第7章 残されていた愛 繋がる愛
巧一は、再び戦う二人に、
雄一郎と桜華に最初の刀剣と刀扇を渡した際に踊った舞を思い出し
その姿を重ねた。
その時の二人の父親であった先代当主が感慨深そうな優しい眼差しで見守っていたことを思い出す。
(38代目も安泰です。彼女は代表がお認めになるくらいの素晴らしい当主になられる。
きっと鬼のいない世界、鬼になるものがいなくなる世界に導いてくださる。)
そして、狛治の武術、桜華との闘いを見て、
狛治がただ単に拳を振るうのではなく、桜華の力を引き出しやすいように絶妙に段階を踏んで技を選び、攻撃を繰り出している事に気づく。
桜華が本気で戦えるように言葉を選んで、自らの化け物じみた再生力を持って鬼のように煽り対峙しているのだ。

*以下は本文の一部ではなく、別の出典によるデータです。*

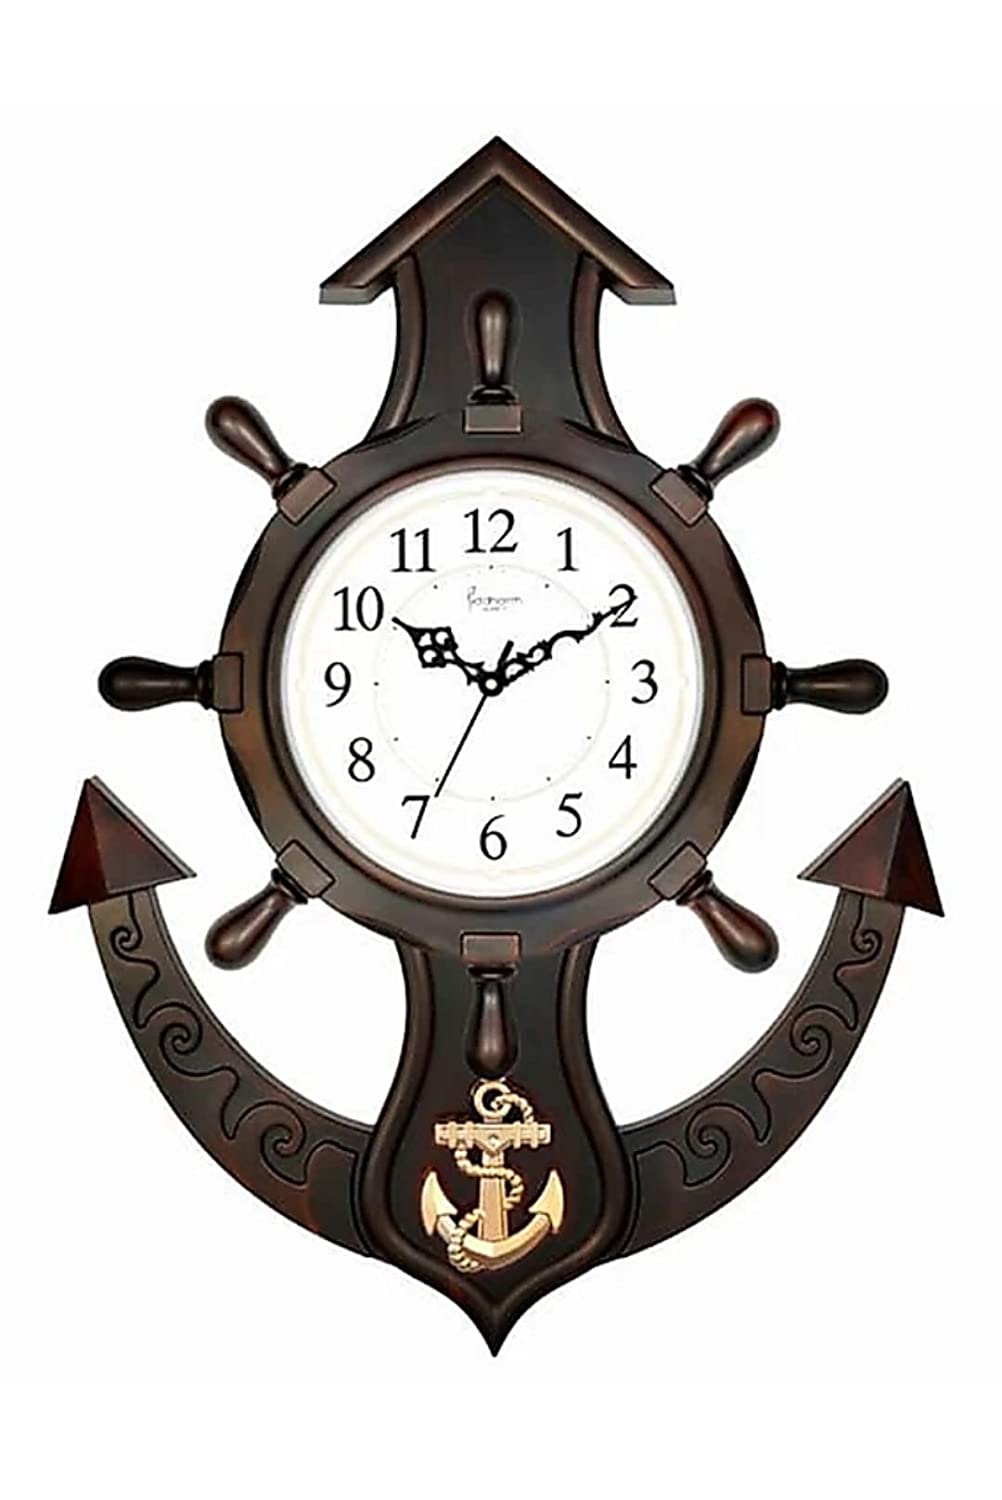 FunkyTradition Antique Anchor Rose Wood Color Wall Clock for Home Office Decor and Gifts 70 CM Tall

それは、彼女自身を当主に認めてもらえる程にしたいという気持ちと、彼女の人生に本気で寄り添っていく強い覚悟を見た。
(狛治様は鬼だったということを鑑みて、今の様子を思うと、桜華様は自らの志と信念と優しさで、周りの者を変えていく力があるのかもしれません。
そして彼らを味方につけていく。)
(そんな代表を守っていく狛治様の刀剣、
代表の桜華様を守っていきたいというお心も織り交ぜ、細手塚家始まって以来の最高傑作にしていかなければなりません。)

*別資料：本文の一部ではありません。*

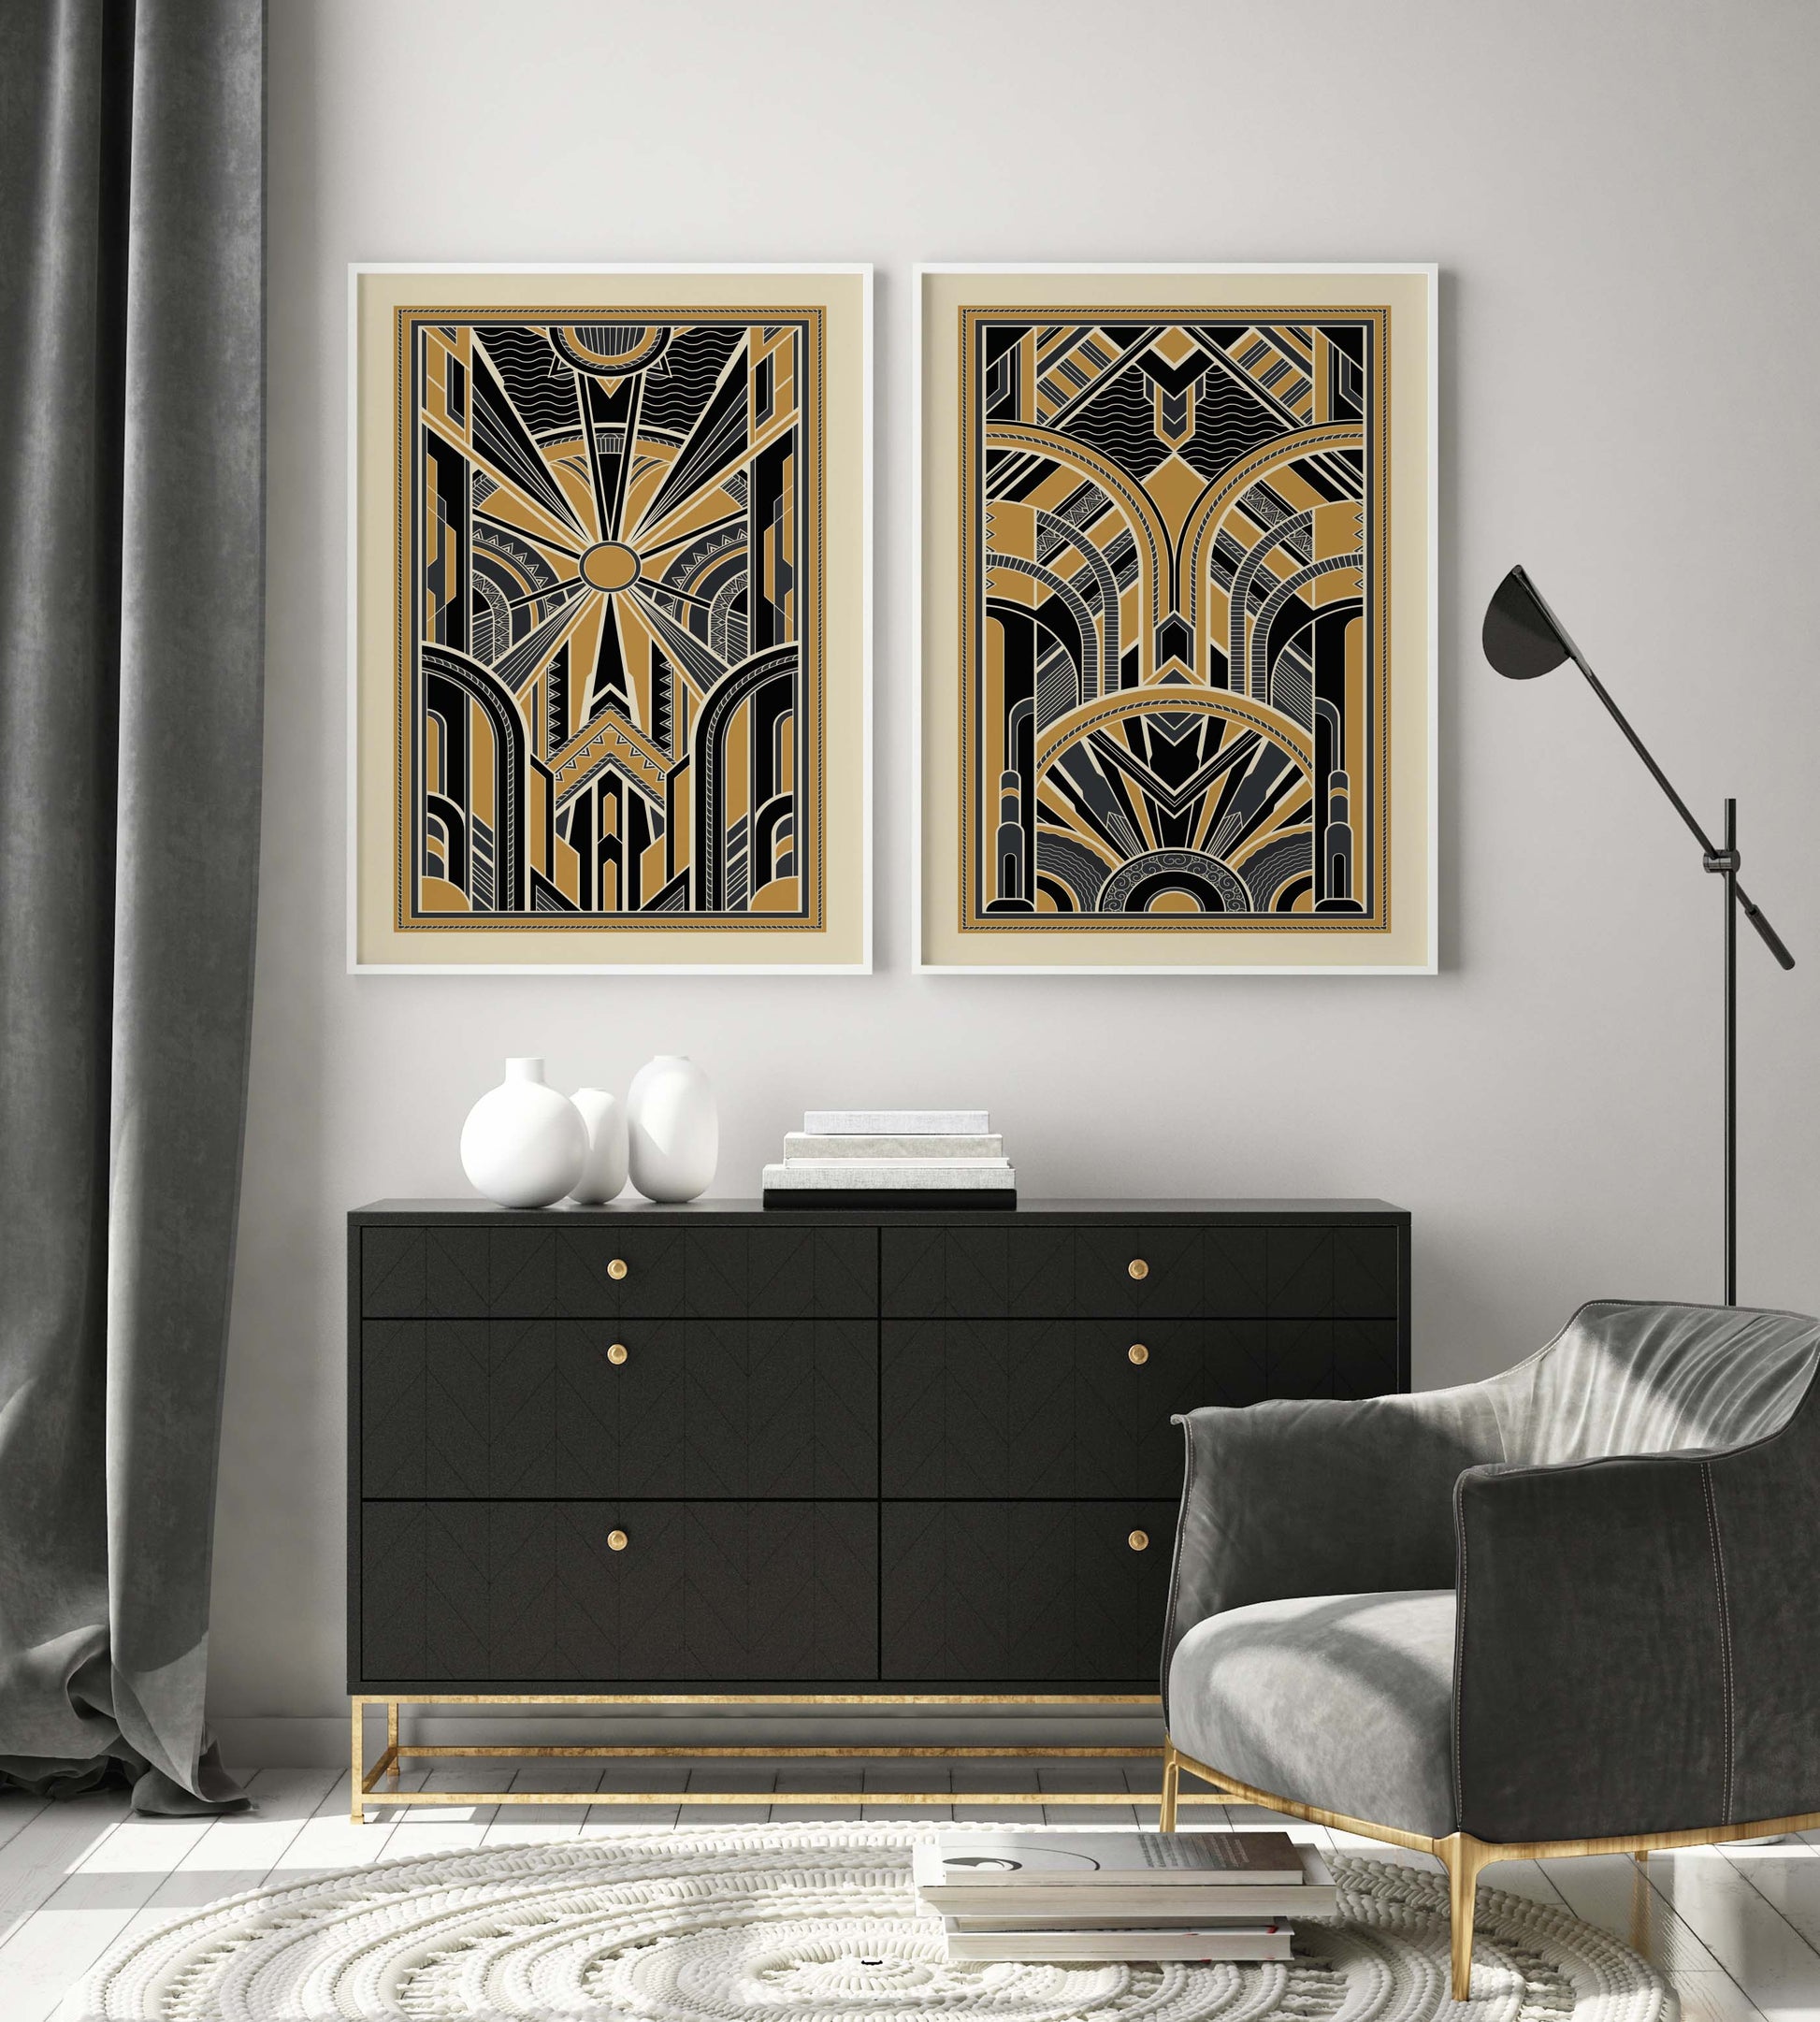 Set of 2 art deco posters with symmetrical pattern in black and gold

そう思いながら二人の激しい実践さながらの稽古を眺めていた。
他の一家の職人も、腕組みして真剣に二人の闘いぶりから狛治の刀剣を思案し、大方のイメージが完成していった。
程なく二人が稽古を終えて一家の元に戻って来た。
桜華は疲れた様子で狛治に背負われていたものの、二人とも優しい笑顔を浮かべ、激しい戦闘が終わったばかりと思えないほど和やかだった。
「お見苦しいところをお見せしてごめんなさい。
力を使いすぎてたてなくなってしまいました。」
と第一声に桜華が言うと、先ほどの食卓のように空気が和らいで、皆が笑顔になった。